Many Harvard students have been groomed from birth to succeed. Come freshman year, these overachievers are confronted with the best of class, best of school, and best of country all converging on one campus, the culture of competition inevitably heightened by the exclusivity of the pool. We strive to be captains, presidents, class marshals, Hoopes recipients, and UC elects – but how does this pervasive pressure to be chosen bleed into our relationships?
Harvard’s brand of hyper-aggressive ambition can dominate – and often destroy – our ability to connect genuinely with one another.
Never before coming to Harvard did I doubt my intelligence in a casual social context. “How are you?” becomes a terrifying inquiry when you fear that a truthful answer may cause you to appear weak in the eyes of your friends, acquaintances, and rivals. “I’m really struggling on my paper” turns into “I think I have a paper due tomorrow but haven’t even started it.” Just brush off the issue, joke about it, make a self-deprecating remark about laziness or lack of preparation, and you’ve successfully masked the unmistakable stench of fear.
That’s what it comes down to, right?
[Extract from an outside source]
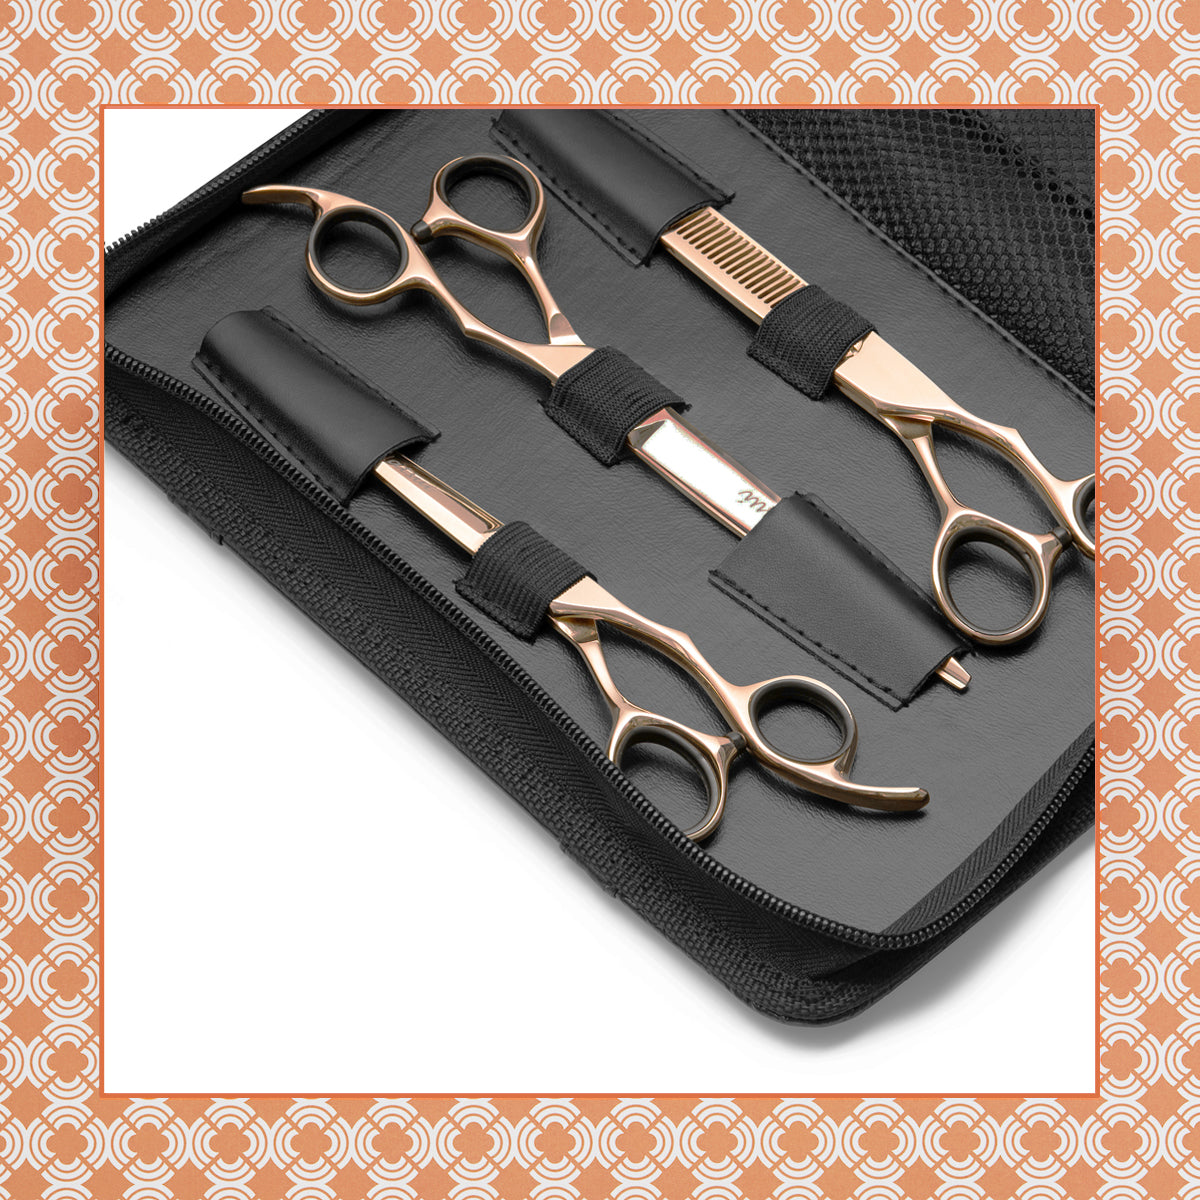 Matsui Aichei Mountain Rose Gold Limited Edition, Hairdressing Scissors, Triple Set (6772624162882)

We are all afraid to fail. After all, failure is a fate that, at least before Harvard, few of us had faced. But the risk of failure and rejection, the most formidable duo to an Ivy League student, are the preeminent components of forming deep and lasting connections, both romantic and platonic. Putting in more effort than may prove personally beneficial is just an ugly, unavoidable reality of relationships, but it presents a foreign challenge to the many professional-grade achievers whose every action is intended to advance them in some way. What then when the relationship is an end in itself?
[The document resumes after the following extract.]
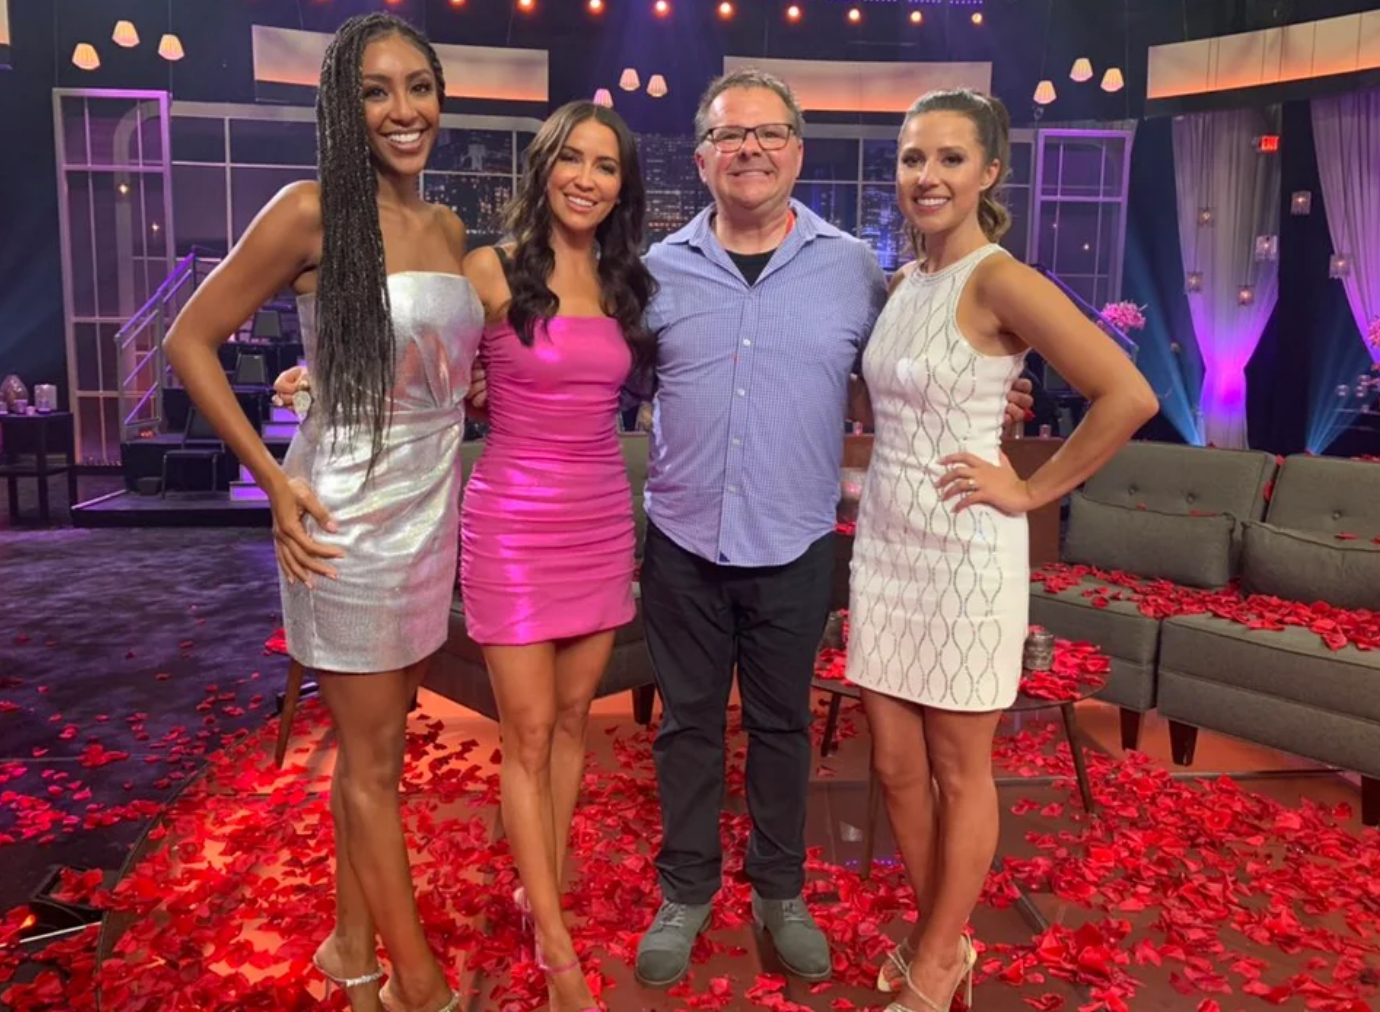 Comedian Gary Cannon on set of the "After the Finale Rose" special with Tayshia Adams, Kaitlyn Bristowe, and Katie Thurston.

On the topic of romantic relationships in college, I have both heard and used a multitude of words to describe their usefulness, among them are distraction, hassle, drain on energy, unrealistic, complicated, and unmanageable. With this mentality, making time for and devoting energy to a person becomes the equivalent of an extra class or club, an avoidable scheduling dilemma. I see this cynical attitude in myself and my peers, and given that it’s my last year, I think I’ll try to change it.
With only four years to live amongst thousands of the most talented and passionate people you may ever meet, penciling in a meaningful moment or two may be well worth it. No amount of fear should stand in the way of falling deep into something that no p-set or paper can provide.